Chlorine dioxide targets cancer cells because of the lactic acid at the cancer site. Once chlorine dioxide comes into contact with lactic acid, it releases oxygen directly where it is most needed. Cancer cells produce excessive amounts of lactic acid because their mitochondria are dysfunctional, preventing their use of the citric acid [Krebs] cycle. Consequently, pyruvic acid, the product of glycolysis, which generally would enter the mitochondria for its total combustion into energy, is converted to lactic acid. It is reported that cancer cells can produce 40 times more lactic acid than normal cells.

The next chapter will speak of injecting chlorine dioxide directly into tumors. Here, we discuss chlorine dioxide as an oxidative cancer therapy. Chlorine dioxide possesses anticancer and antiviral activities, probably due to its ability to induce ROS production. Chlorine dioxide exhibited significant cytotoxicity against two breast cancer cell lines (MCF-7, MDA-MB-231) and three colorectal cancer cell lines (LoVo, HCT-116, SW-480). This cytotoxicity appeared to be associated with chlorine dioxide’s capacity to induce the production of reactive oxygen species (ROS).[i]

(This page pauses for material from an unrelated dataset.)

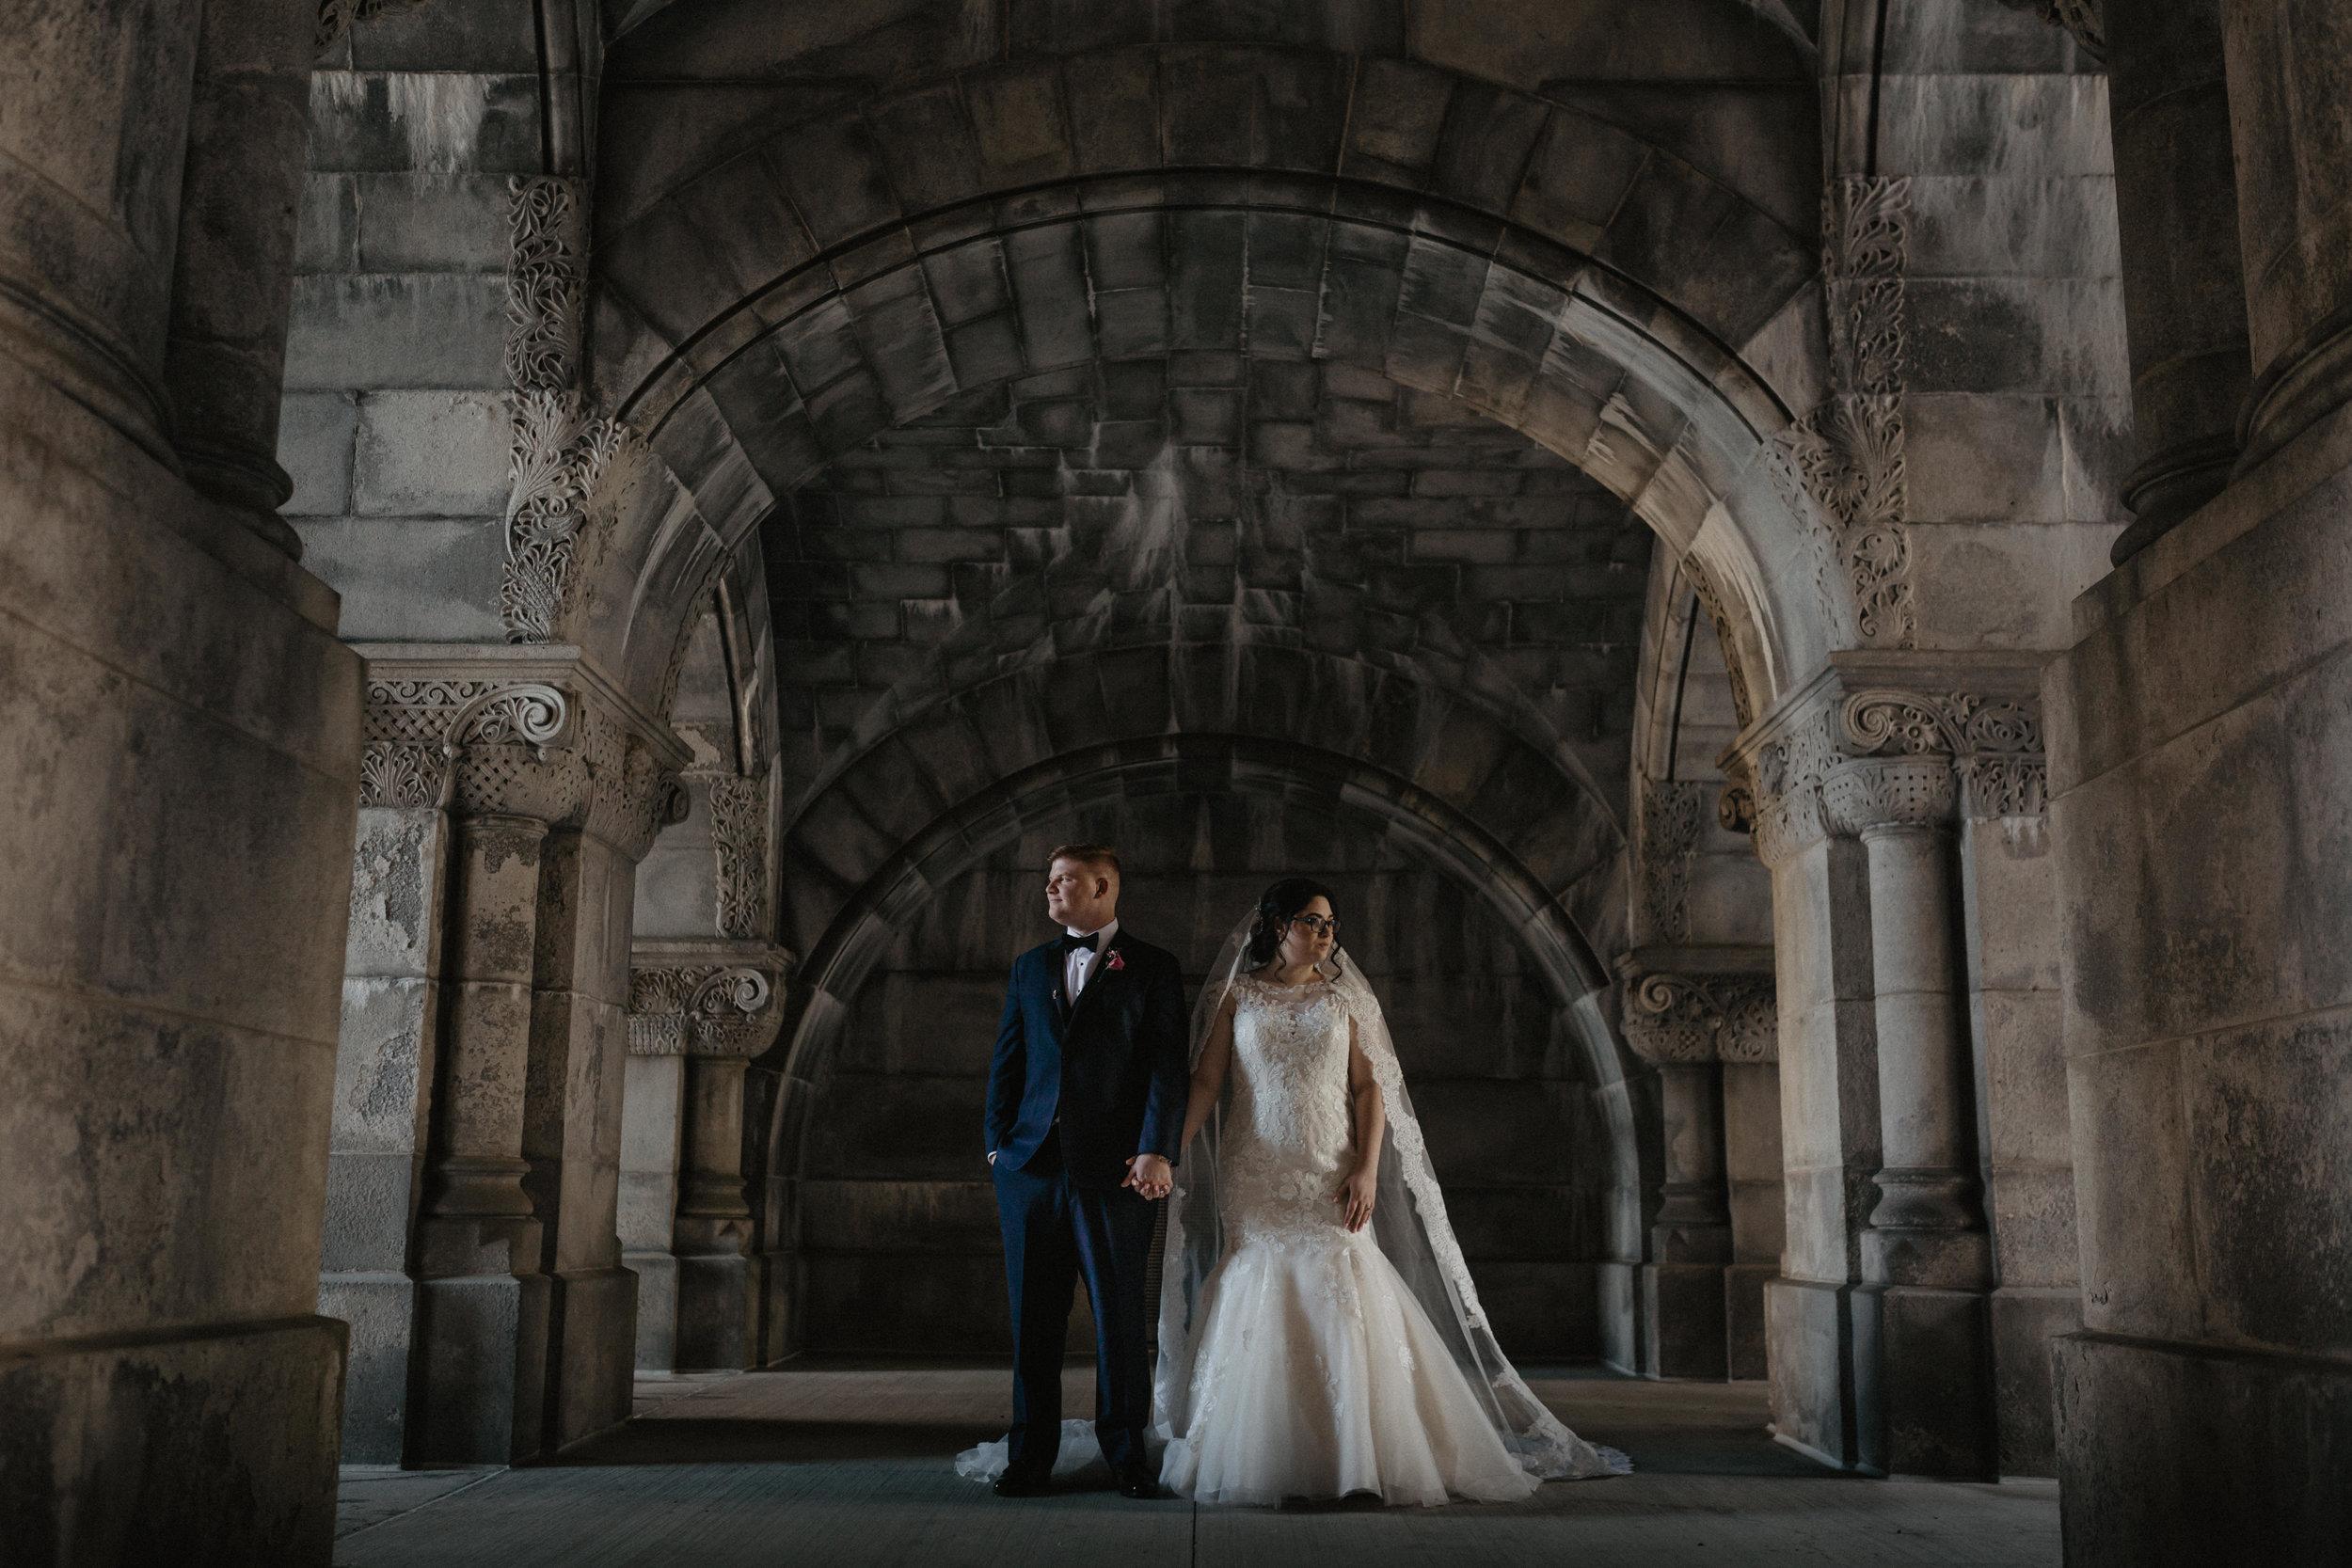 albany-new-york-wedding-39.jpg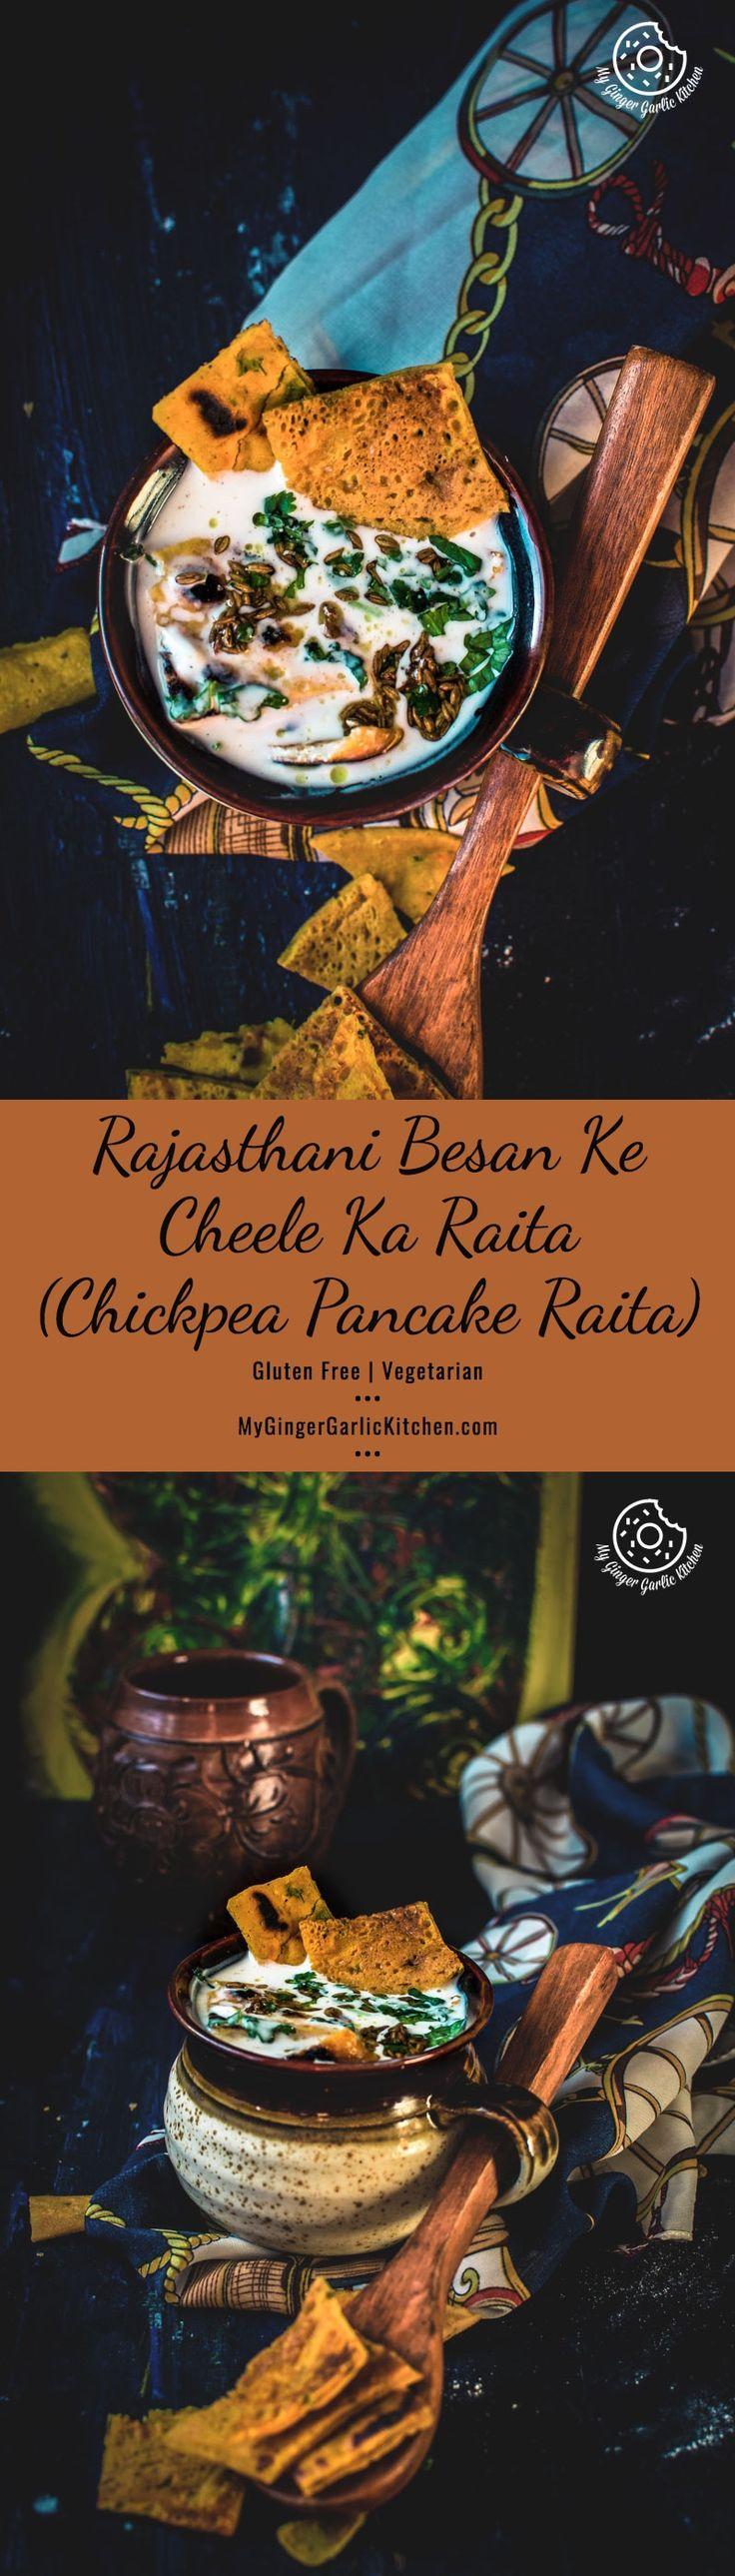 Rajasthani Besan Ke Cheele Ka Raita | Chickpea Pancake Raita. In this raita, chickpea flour pancakes are dunked into chilled spiced yogurt base and later tempered with cumin seeds and asafetida. From: mygingergarlickitchen.com #Glutenfree #Vegetarian #Raita #Besan #Indiancuisine #Indianrecipes

In the simplest terms, chlorine dioxide allows one to clean one’s inner house. Our bodies need to be cleaned regularly for the best performance and longevity. The first thing chlorine dioxide will do as it surges into the blood is rejuvenate red blood cells. Almost instantly, more oxygen will flow through the blood, helping separate clumped red blood cells. MMS is a more chemical form of chlorine dioxide (I prefer the CDS form, which is chlorine dioxide gas dissolved in water); both have a positive impact on blood chemistry.

A clean house better circulates fresh oxygen to cells, making them happier and enabling them to continue singing the song of life with greater endurance. Fresh, healthy blood is essential for health.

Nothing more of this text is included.